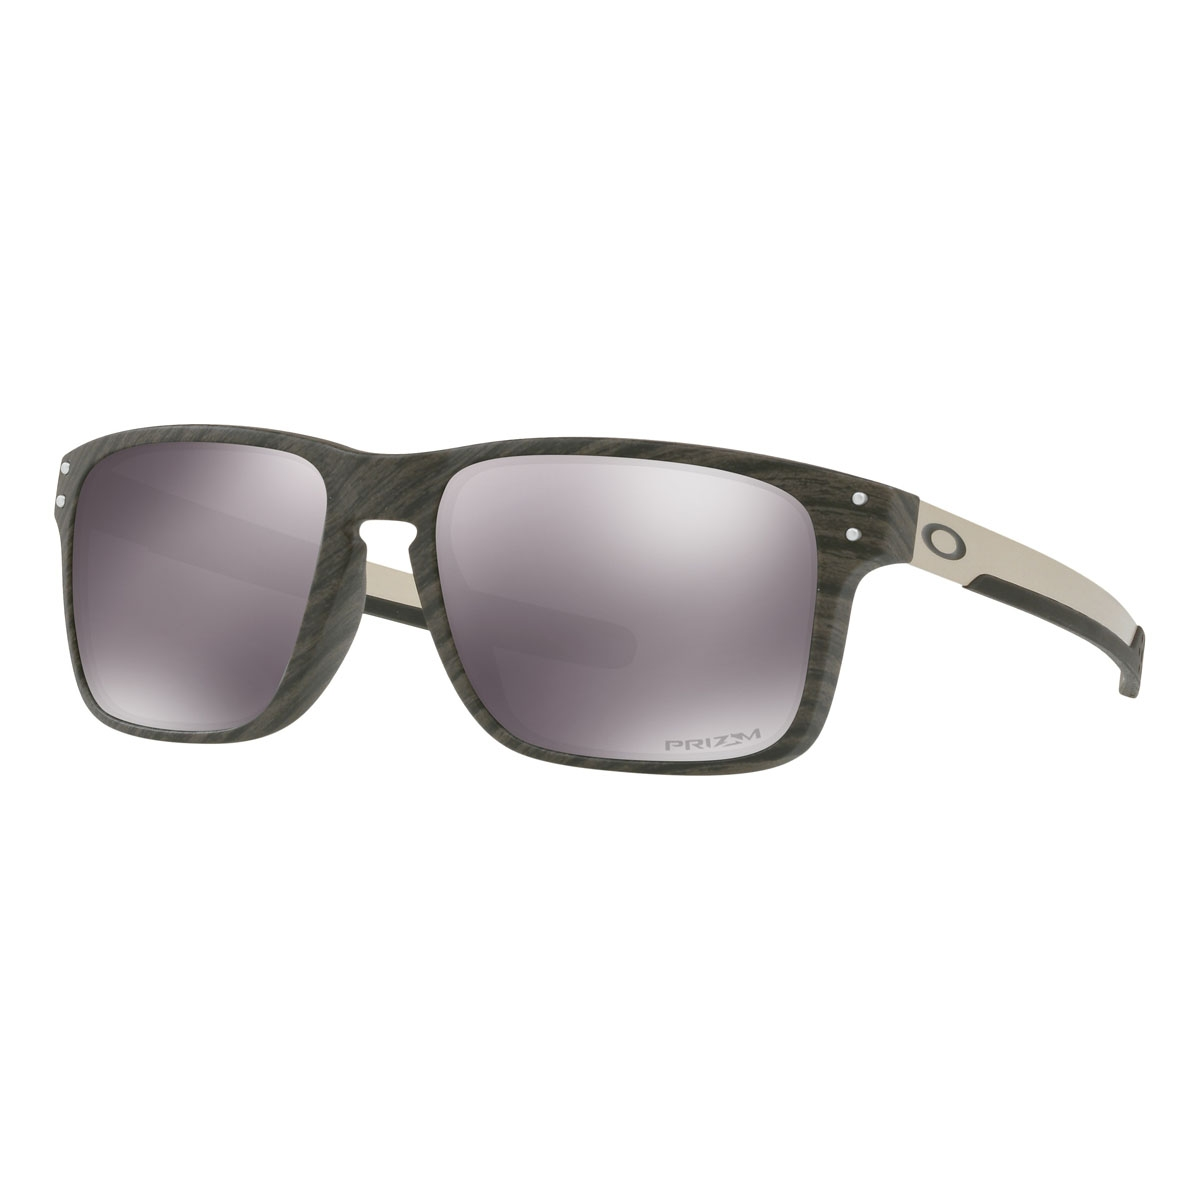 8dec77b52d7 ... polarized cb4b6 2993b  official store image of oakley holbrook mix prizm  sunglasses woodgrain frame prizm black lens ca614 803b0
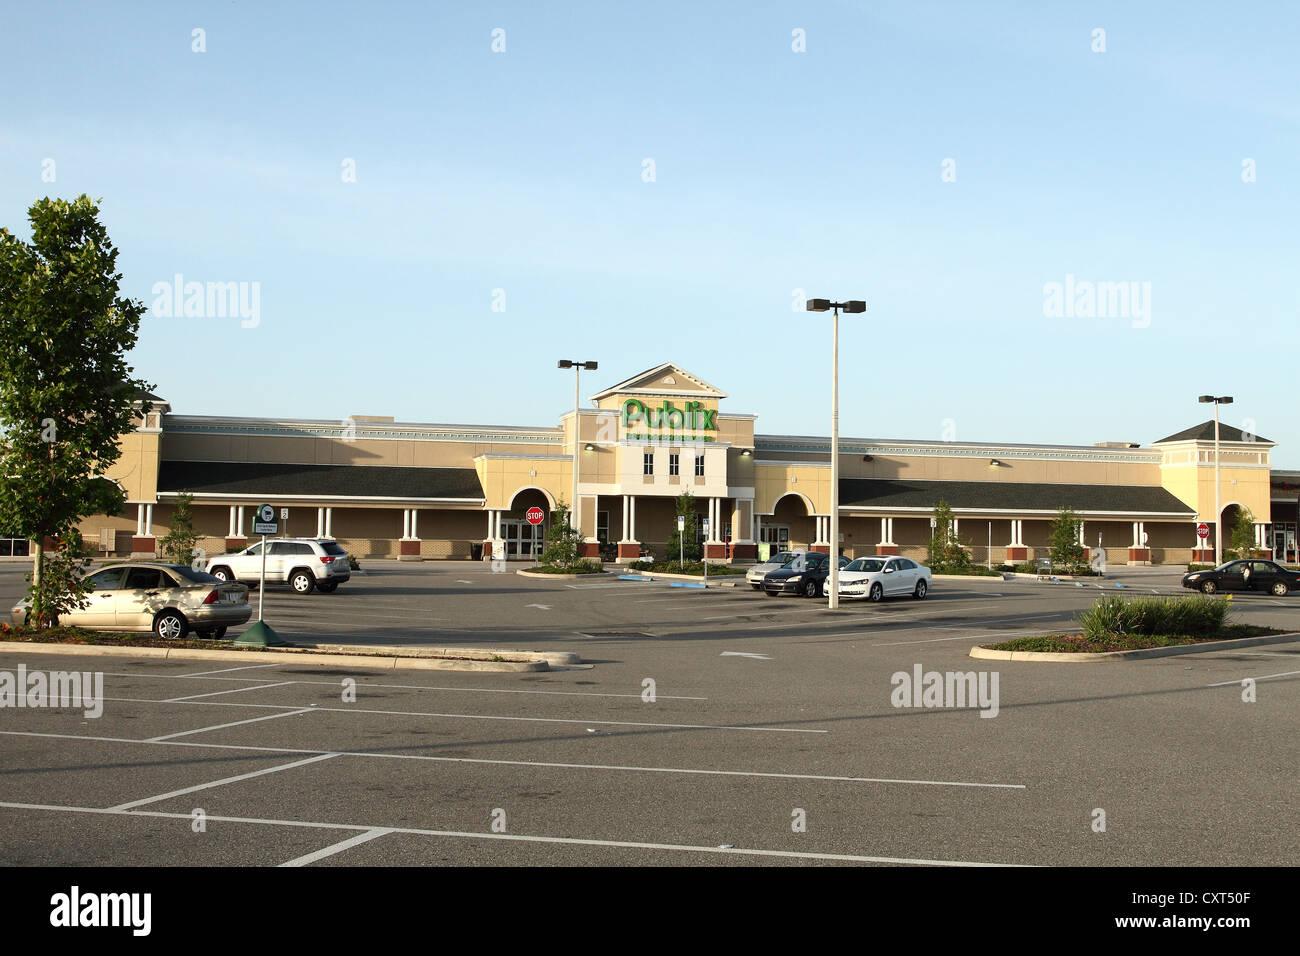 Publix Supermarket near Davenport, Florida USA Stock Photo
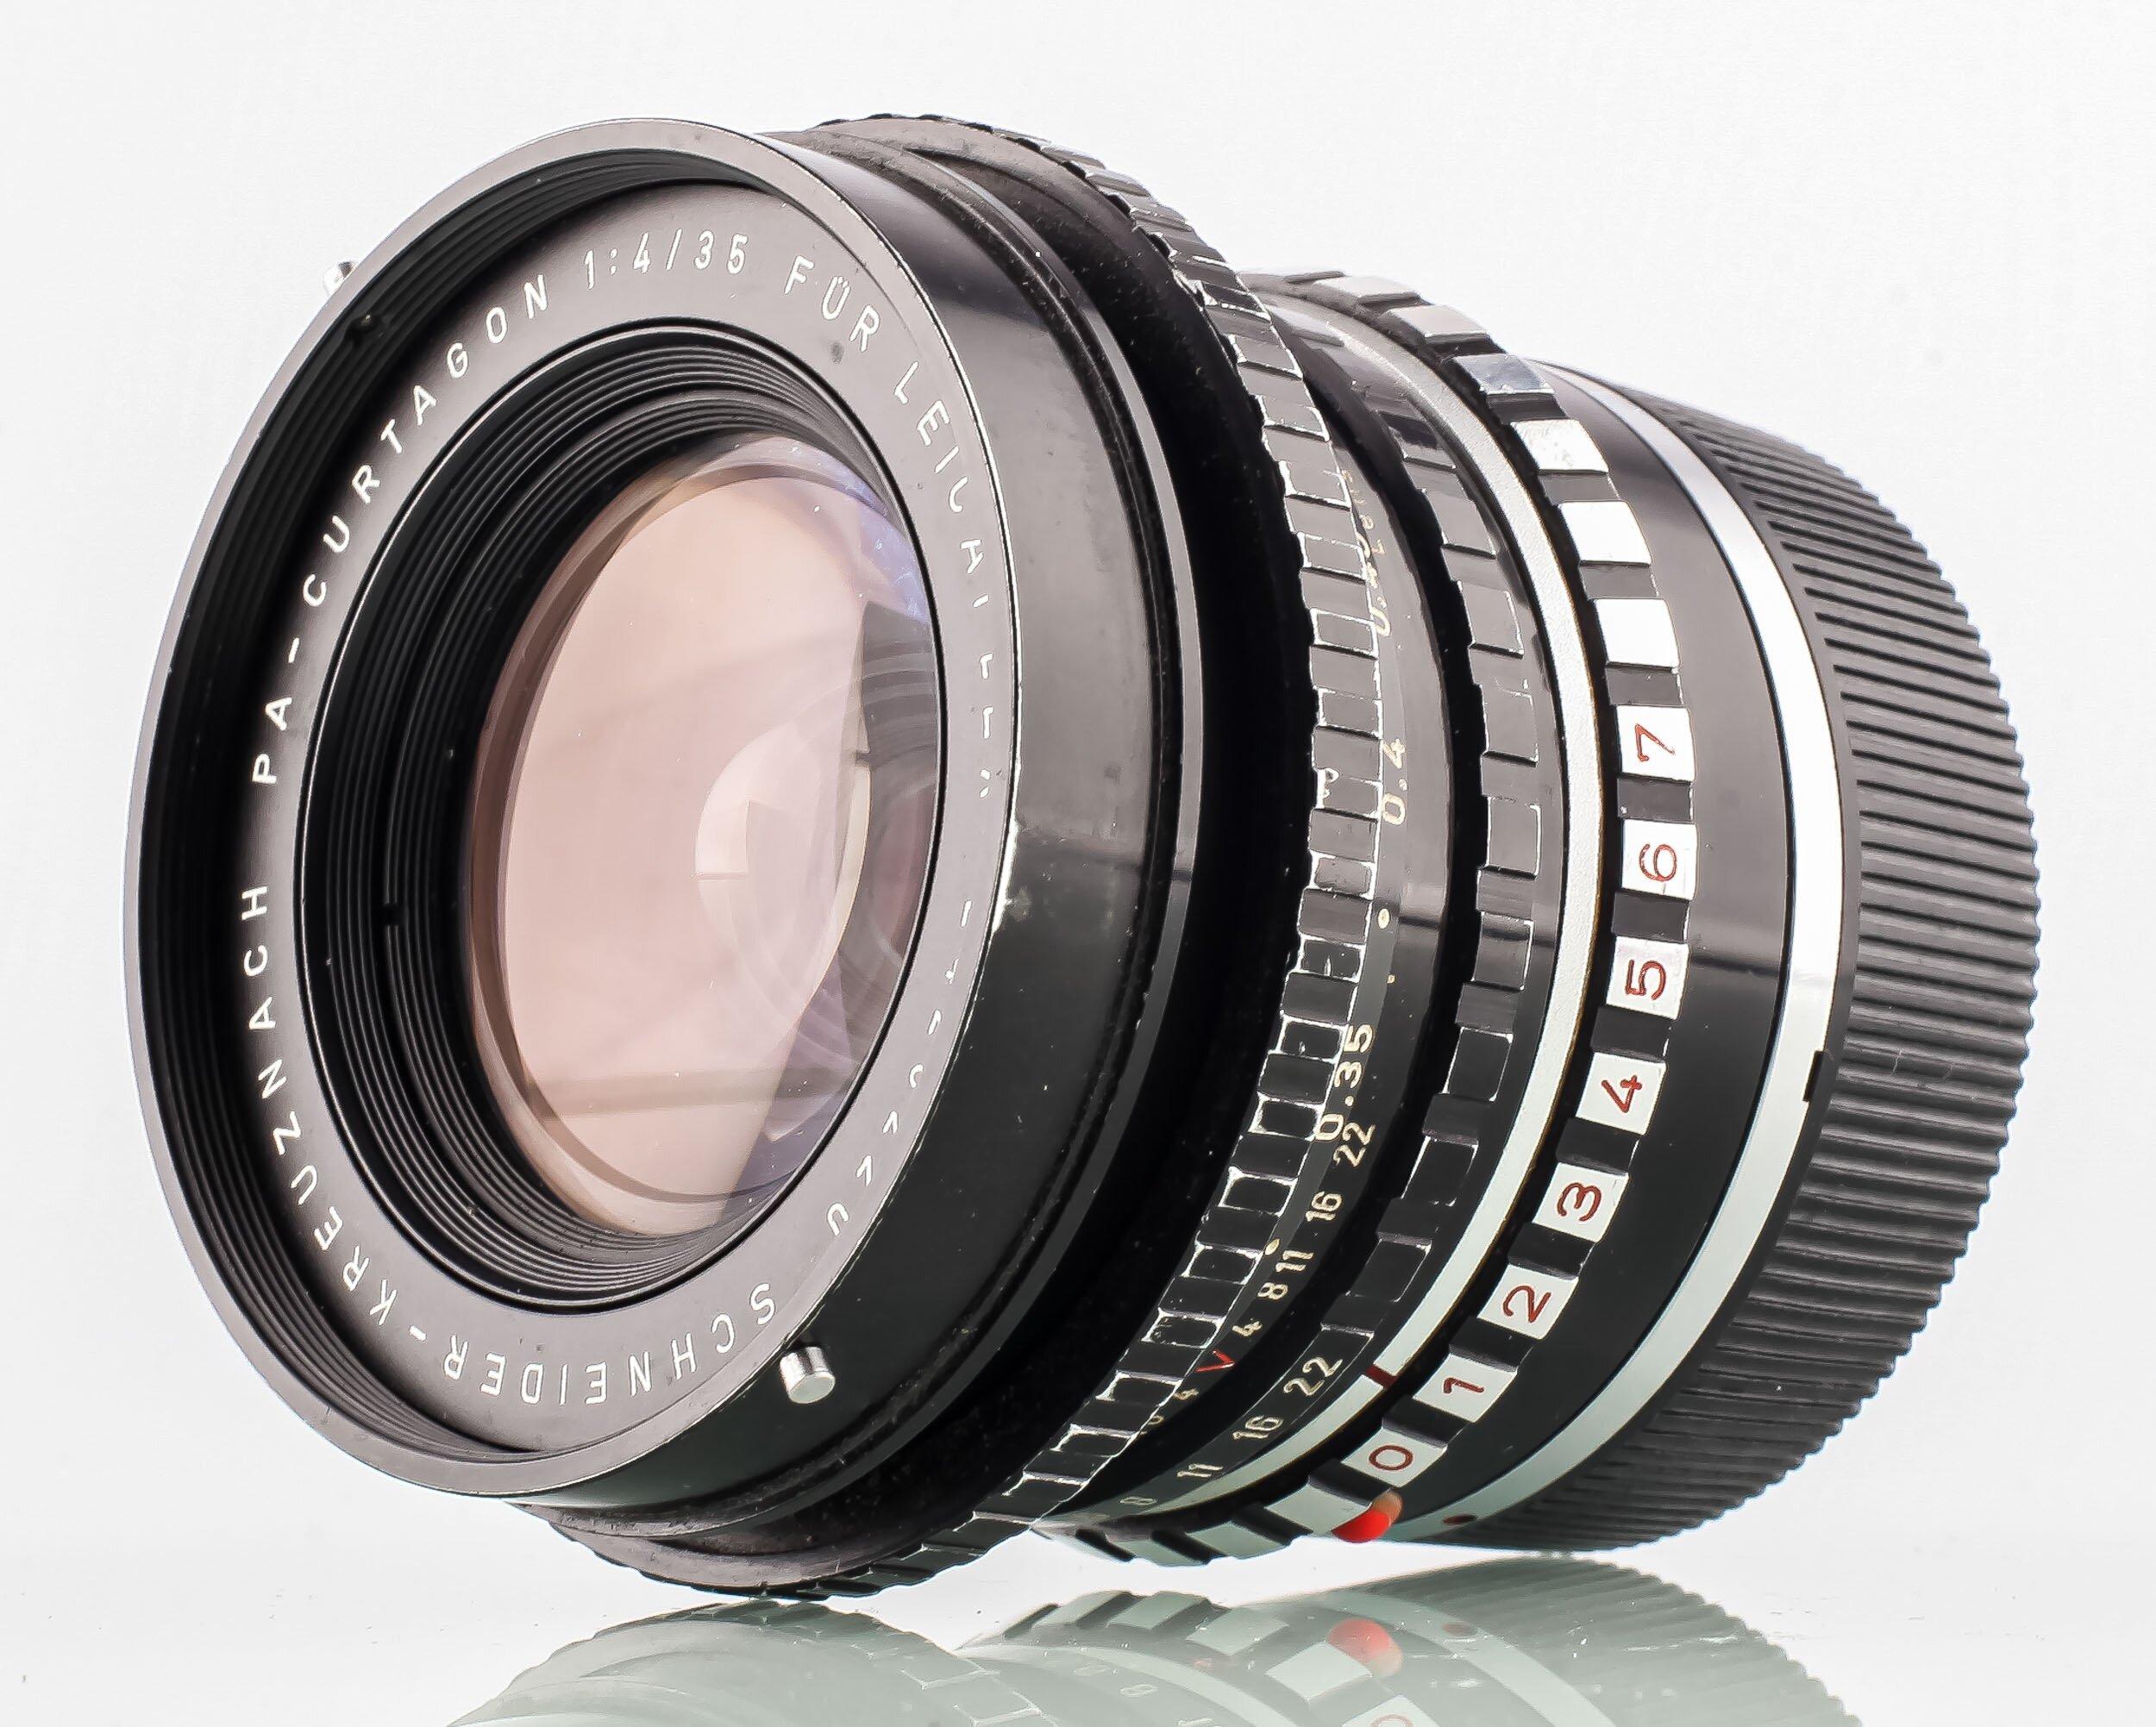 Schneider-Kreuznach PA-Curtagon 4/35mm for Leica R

◇ ◇ ◇ ◇

Task requirements
Give back the whole listing exactly, without pictures.

Written reply
 8dec77b52d7 ... polarized cb4b6 2993b  official store image of oakley holbrook mix prizm  sunglasses woodgrain frame prizm black lens ca614 803b0
 Publix Supermarket near Davenport, Florida USA Stock Photo
 Schneider-Kreuznach PA-Curtagon 4/35mm for Leica R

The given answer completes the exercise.